◆ Required work
The listing below should be reproduced exactly, with the pictures omitted.

◆ Information provided
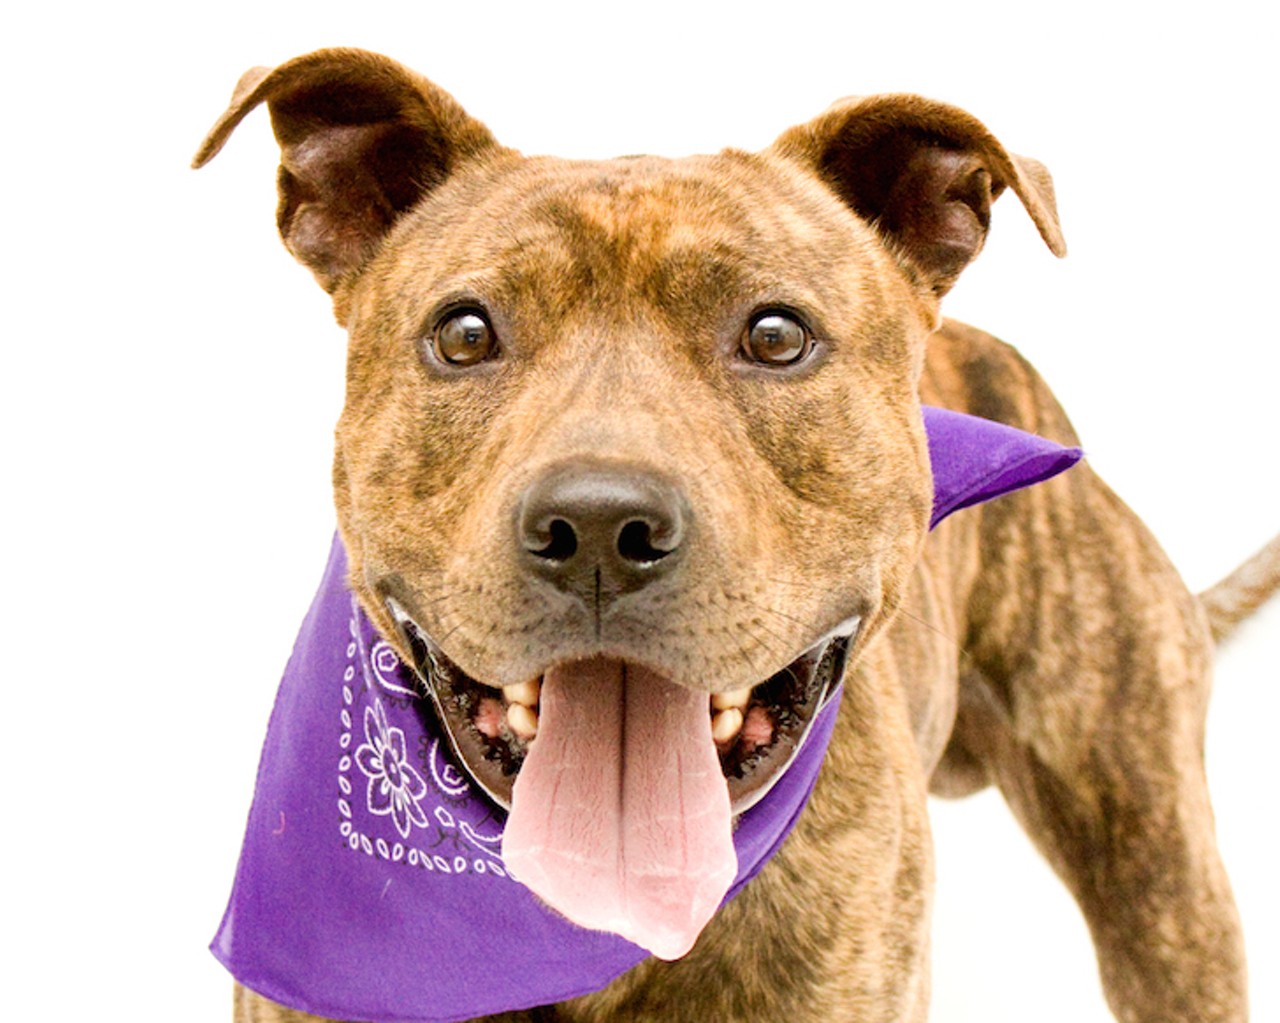 12 darling dogs up for adoption at Orange County Animal Services
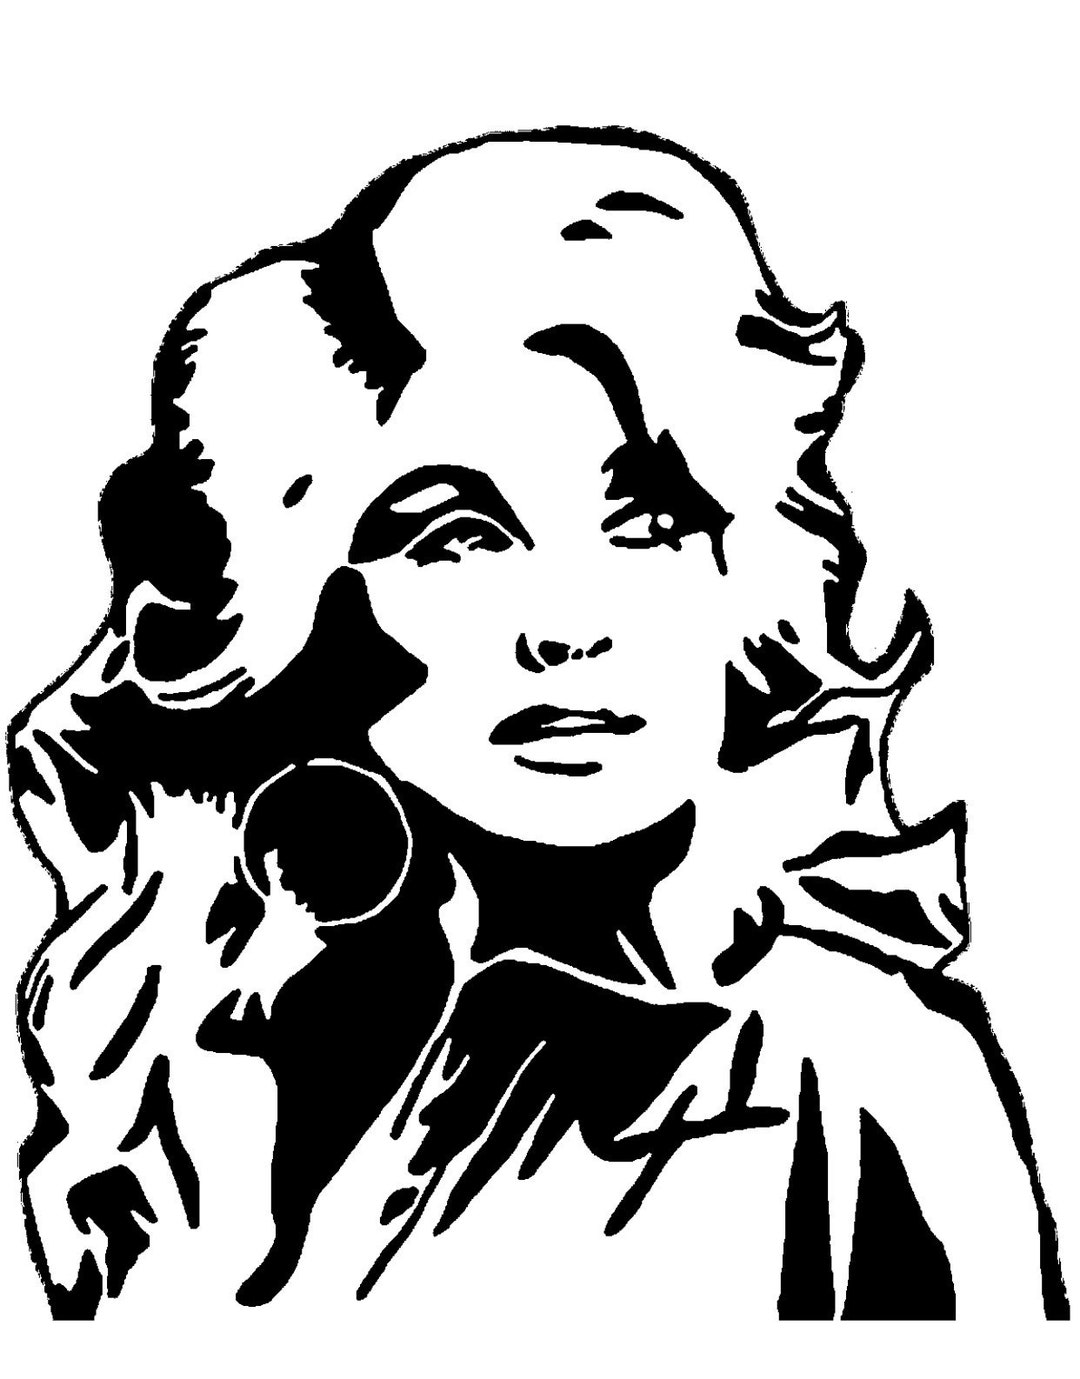 Dolly Parton Silhouette Glass - Etsy
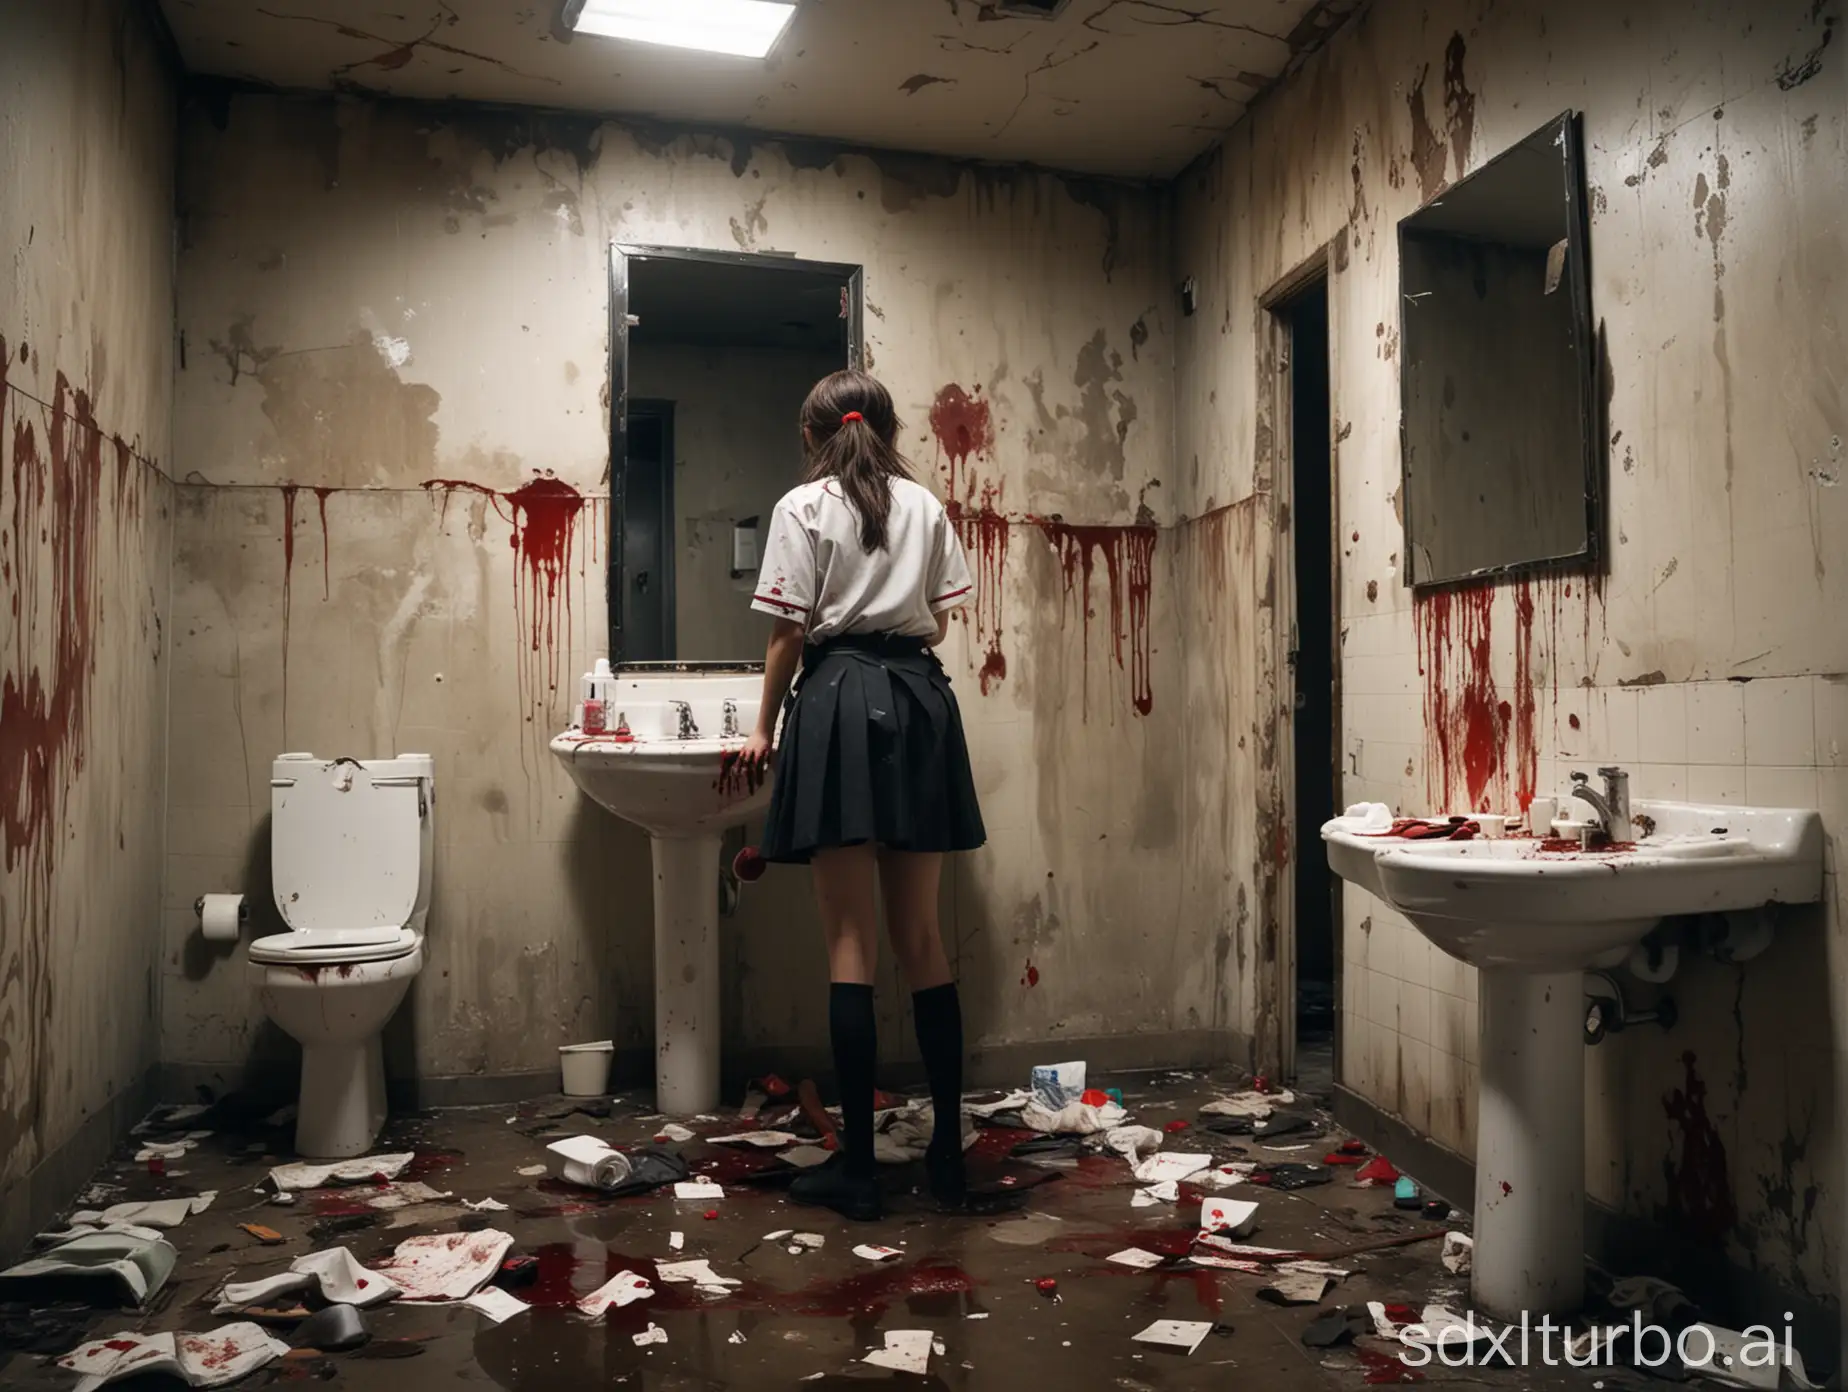 in a abandoned and ruined, dirty and messy restroom, there's bloodstains in the toilet, there's a large mirror, there's a washbasin, next to the washbasin is a female student, the female student is wearing a jk school uniform, the scene is dim and dark

◆ Written reply
 12 darling dogs up for adoption at Orange County Animal Services
 Dolly Parton Silhouette Glass - Etsy
 in a abandoned and ruined, dirty and messy restroom, there's bloodstains in the toilet, there's a large mirror, there's a washbasin, next to the washbasin is a female student, the female student is wearing a jk school uniform, the scene is dim and dark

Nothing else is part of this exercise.